Munin is my favorite monitoring tool. One reason (among many mentioned here already) is that its information density is higher than anything else. When your site goes down and you need to know why, the page full of tight graphs is incredibly helpful. You can scan everything without any clicks at all and see if the problem is disk, RAM, database locks, etc. This compactness is the main criterion Tufte uses throughout Visual Display of Quantitative Information. I don't think Munin is doing anything clever or original (nothing like the map of Napolean's march), but it is far more useful than most of the custom d3 "dataviz" stuff you see. And it's way faster to navigate than something like datadog. And since it's just serving static HTML, the page loads instantly.
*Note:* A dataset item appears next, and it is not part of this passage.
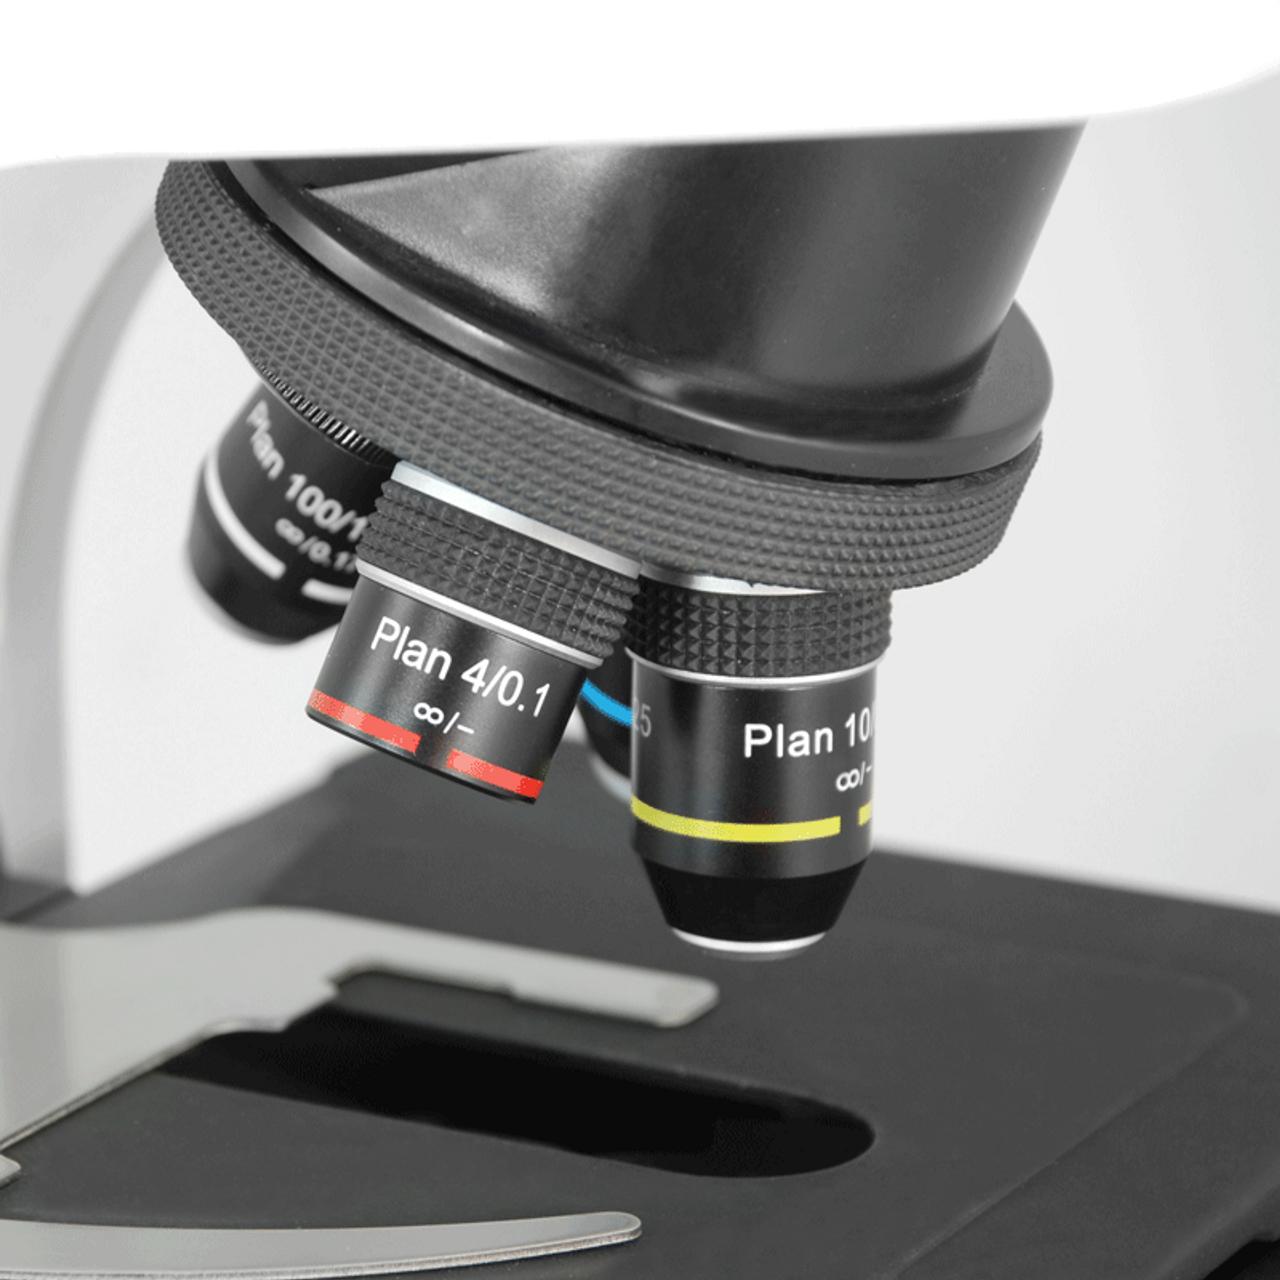 Oil Spring BoliOptics Infinity-Corrected Plan Fluor Achromatic Microscope Objective Lens Set 4X 10X 40X 100X FM13013031

I think the homepage was overdue for a redesign, but I hope they don't redesign the tool itself! :-)
If they are trying to improve their communication, one thing I would have appreciated when I got started years ago is a clearer tutorial-like explanation about where the client & server live, how both execute (daemon vs cron), and who opens a connection to whom. Just the basic big picture architecture. It seemed difficult to find that information. EDIT: This right here: "Munin has a master/node architecture in which the master connects to all the nodes at regular intervals and asks them for data." Great!
ANOTHER EDIT: I see they are emphasizing how easy it is to write plugins. I can attest to that. I've written plugins for Postgres and Phusion Passenger, and both were really simple. Also there are tons of "contrib" plugins that probably already have most of what you want (even beyond the extensive default system-level metrics).
AND ANOTHER: The graphs at http://demo.munin-monitoring.org/munin-monitoring.org/www.mu... are more painful to read than my existing deployments. They are 497x261, and my own graphs are 499x277. That doesn't seem like enough difference to matter. The font is smaller though. Having to squint to read the graphs makes the display a lot more effort to read. It's a small thing, but I could feel the difference immediately.
Totally agreed. The "static HTML" part is IMO munin's single most important feature. You can point any webserver at the output directory (or just download the output directory) and immediately browse the contents. There's no need for CGI or any daemon to be running in the backend, which is extremely helpful when you might be trying to diagnose why said daemon isn't running.
I also agree that documentation about the basic architecture and execution method needs improvement. At some point in the CentOS 7 lifecycle, a minor update to EPEL's munin package deleted its own crontab file, effectively disabling the master, without providing an obvious alternative such as a systemd timer. I couldn't find any explanation about why it did that.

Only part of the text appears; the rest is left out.